Kamis, 6 Oktober 2022

Matius 5 : 23 – 24
Sebab itu, jika engkau mempersembahkan persembahanmu di atas mezbah dan engkau teringat akan sesuatu yang ada dalam hati saudaramu terhadap engkau,
tinggalkanlah persembahanmu di depan mezbah itu dan pergilah berdamai dahulu dengan saudaramu, lalu kembali untuk mempersembahkan persembahanmu itu.
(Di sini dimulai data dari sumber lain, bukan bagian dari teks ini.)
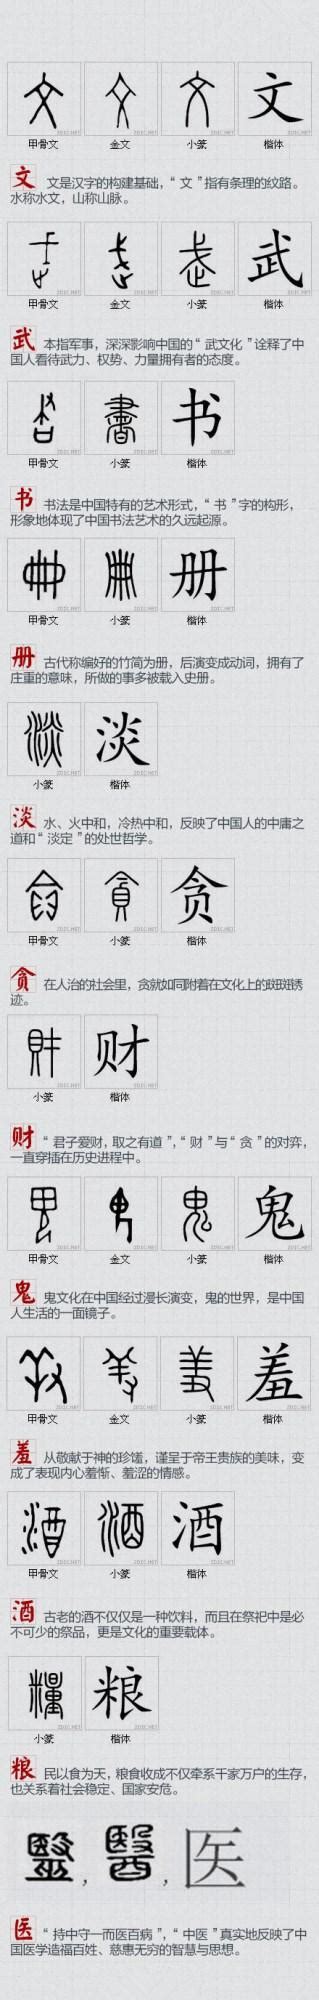 汉字的演变过程_word文档在线阅读与下载_无忧文档

Orang yang paling berpotensi untuk menyakiti kita adalah orang terdekat kita/orang yang kita kasihi. Karena kita punya ekspektasi bahwa orang terdekat/orang yang kita kasihi pasti mengerti kita. Sehingga kata/perlakuan yang sama diucapkan/dilakukan oleh orang terdekat dan diucapkan/dilakukan oleh orang yang tidak kita kenal, dampaknya akan berbeda. Jika diucapkan/dilakukan orang tak dikenal rasanya biasanya saja, tapi kalau diucapkan/dilakukan oleh orang terdekat kita, rasanya sakit hati kita. Hal ini seringkali menyebabkan perang dingin antar anggota keluarganya. Katanya keluarga kok dia gitu sama saya?

Dalam bacaan hari ini, Tuhan Yesus memerintahkan siapa saja yang merasa ada ganjalan di dalam hati orang lain terhadap dirinya untuk segera meninggalkan persembahannya dan berdamai dengan orang itu. Sesudah itu barulah orang itu boleh kembali meneruskan persembahannya. Apakah ini berarti bahwa kita harus meninggalkan ibadah pada saat kita merasa ada ganjalan dengan orang lain? Bukan begitu, bacaan ini pada dasarnya mengajarkan bahwa kesucian hati lebih baik daripada ritual keagamaan. Allah mencari kemurnian hati lebih daripada praktik keagamaan.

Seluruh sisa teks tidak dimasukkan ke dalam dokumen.